10. Globalization:  In the last few decades, the world has become increasingly integrated in all spheres of life. The demise of communism in Russia and its satellites in the early 1990s and the transformation of the Chinese economy into a vibrant version of capitalism, that is ‘state capitalism’, are manifestations of the globalization process. I am sure all of you are fully aware that globalization is not an accident of history. It is underpinned by a combination of sub-processes and policies - particularly liberalization, privatization and deregulation – which are consciously propagated and pursued to promote free trade and level playing fields for all economic agents.   High technology, particularly the internet, and modern means of transportation enhance the speed and efficiency of the globalizing process.

11. The free movements of goods, services and capital across borders brought forth by globalization means, among others, the opening of national markets to foreign competition which, in a liberalized and deregulated environment, diminishes the ability and power of governments and market regulators. This poses a challenge to national efforts to promote the development of new or nascent local economic enterprises including Islamic banking and finance. Besides that, as regulators anywhere in the developing world would tell you, it is not so easy to exercise regulatory oversight over a local division of a giant global corporation with access and clout in Washington or London. In fact, in a sense, the market is playing the supervisory role in reverse. Governments everywhere are under the constant surveillance and radar of international rating agencies and market analysts. Thus globalization is both a boon and a curse. Whether it works for us or against us depends to a large degree on our own wisdom, on the policies and strategies we put in place.

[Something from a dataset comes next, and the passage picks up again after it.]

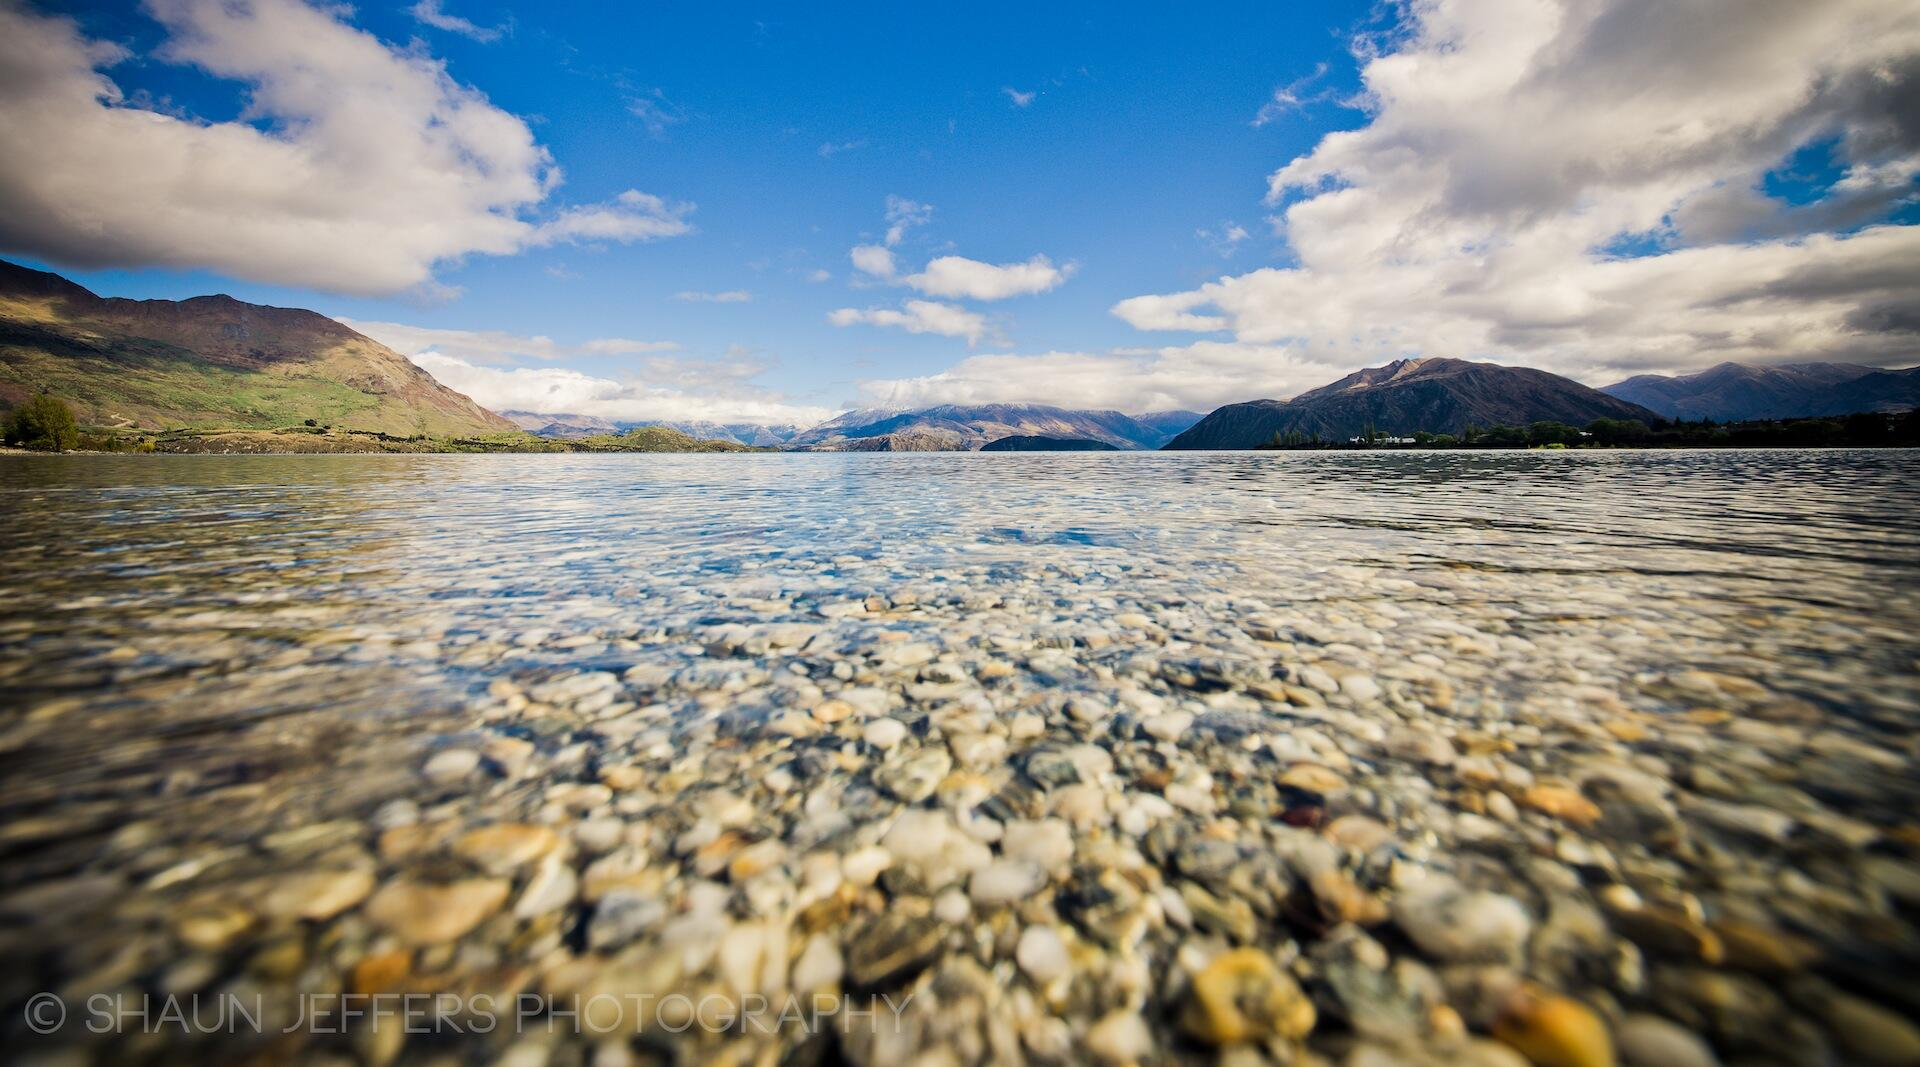 RT @shaun_jeffers: The @PureNewZealand lake water is just incredible... especially at @lakewanaka_nz http://t.co/iktk5YCZ1S

12. Shift from the real economy to the financial economy:  Over the last few decades, the economies of the United States and other developed countries have shifted from what economists refer to as the real economy to the financial economy, that is, from industry to service. In the US, the service sector now represents over 80% of its total economy, with banking and finance forming the largest sector. One estimate puts the global financial economy at about 12 times of the entire economy of the world, of which the derivative market with an estimated value of nearly $500 trillion forming the largest portion, followed far behind by the stock market at $50 trillion, and the bond market at $45 trillion. What is particularly notable, and of course worrying, is that the financial economy is becoming increasingly estranged from the real economy. Financial economy used to be a mirror or reflection of, and driven by, the real economy. Now it is the reverse. Some observers refer to this phenomenon as ‘financialization’, whereby investors no longer look for dividends but behave more like gamblers speculating and betting on price movements, and by extension even on the collapse of national economies.  This development magnifies the dangers and risks of speculation that many economists fear.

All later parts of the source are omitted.